The Temporal Orphanage

2011-05-31 18:11:09 -08:00

The Temporal Orphanage was a novel solution to the problem of parentless children.

Every child who entered the Orphanage had to sign an agreement stating that they would return in 20 years. As the only licensed user of time-travel technology, the Orphanage used it to send the 20-year-old orphan back in time 20 years to be their own adoptive parent.

Deferments were granted, on a case-by-case basis, to orphans who would eventually marry. The Orphanage preferred the children to be raised by couples, so they granted nearly every request, but undeferred single parents were not uncommon. Every orphan found out within a month of their acceptance whether they would be single or married when they arrived to pick themselves up, and no review was necessary at the time of the deferment application because they already knew whether they would accept it.

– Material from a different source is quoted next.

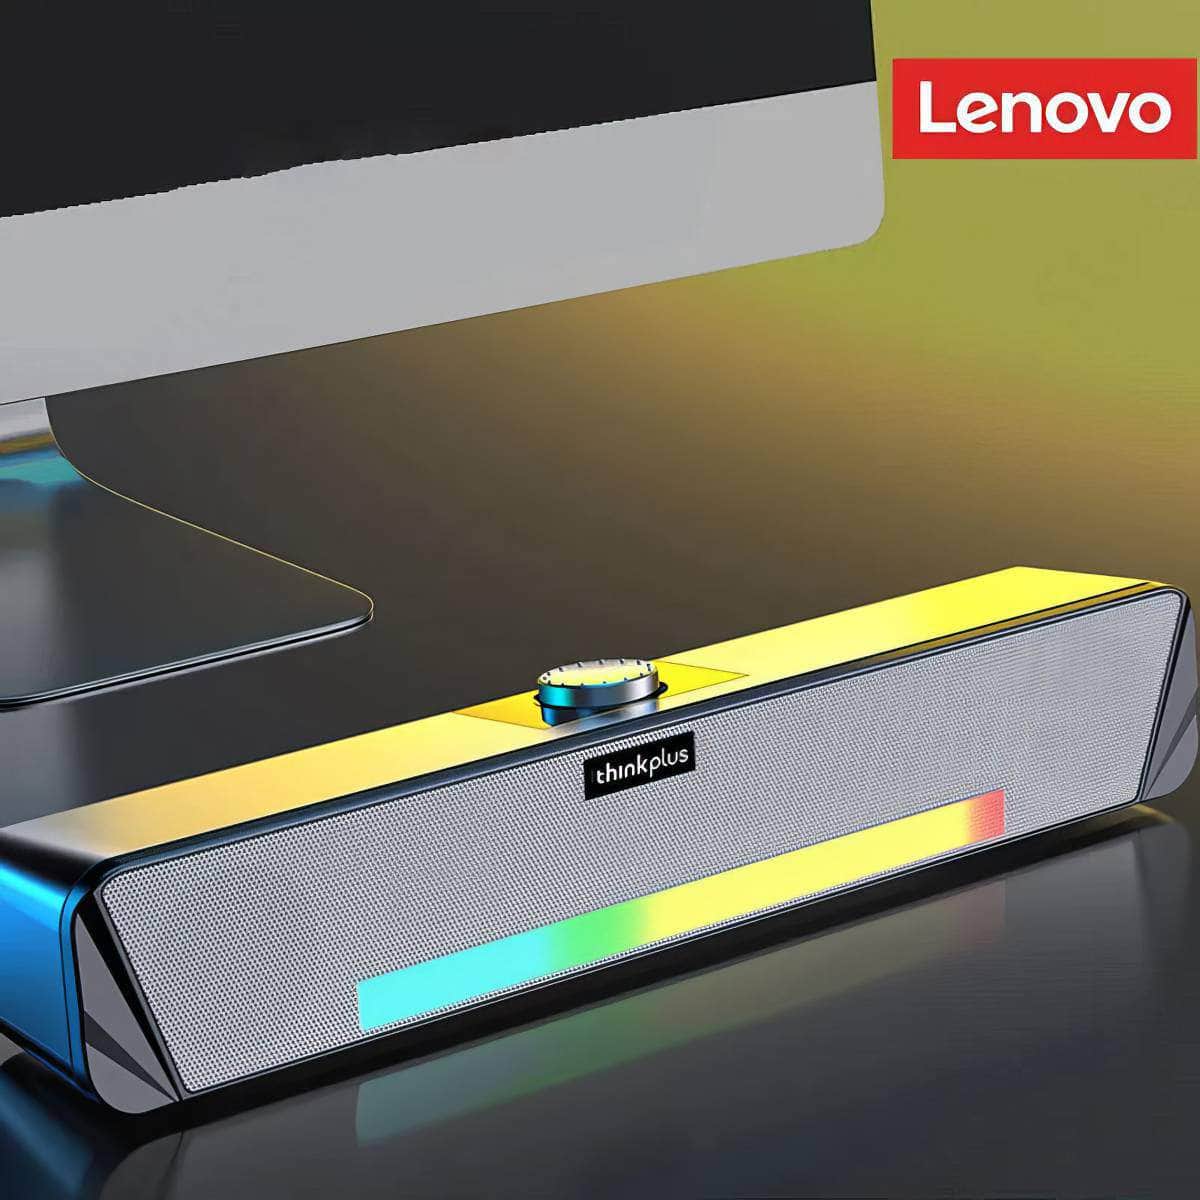 Lenovo TS33: Wired & Bluetooth 5.0 Surround Sound Speaker TS33 B / 2 inches

A few new laws had to be passed shortly after the Orphanage commenced operations. Some were amendments or repeals to legislation that had assumed time travel did not exist or was completely banned, but one new law that could be tied directly to the Orphanage required life insurance companies to consider the number of years that each insured person lived, not merely the subtraction between their dates of birth and death.

The Orphanage was financed in two parts. The first, and minor, part was by a toy store occupying the other half of the building. Some orphans simply kept all of their toys as they grew up to bring back with them all at once, but this was disfavored by the Orphanage, both because it did not bring in income and because the greater mass made the travel more expensive.

The other part was an apartment complex. Grown-up orphans would begin renting or buy their own residence in their late teens, but then have to go back 20-plus years to a time when they had no home besides the orphanage. Each parent who arrived rented an apartment within the Orphanage’s own apartment building—guaranteed to have an opening—until they could find another, cheaper temporary apartment elsewhere. The trickiest part was remembering to pay the rent upon returning to the apartment they’d left a calendar month/20 biological years ago.

The Orphanage was almost closed down by OSHA, but managed to remain open with the promise of no further hiring, after a power surge uncaused the deaths of all of the staff.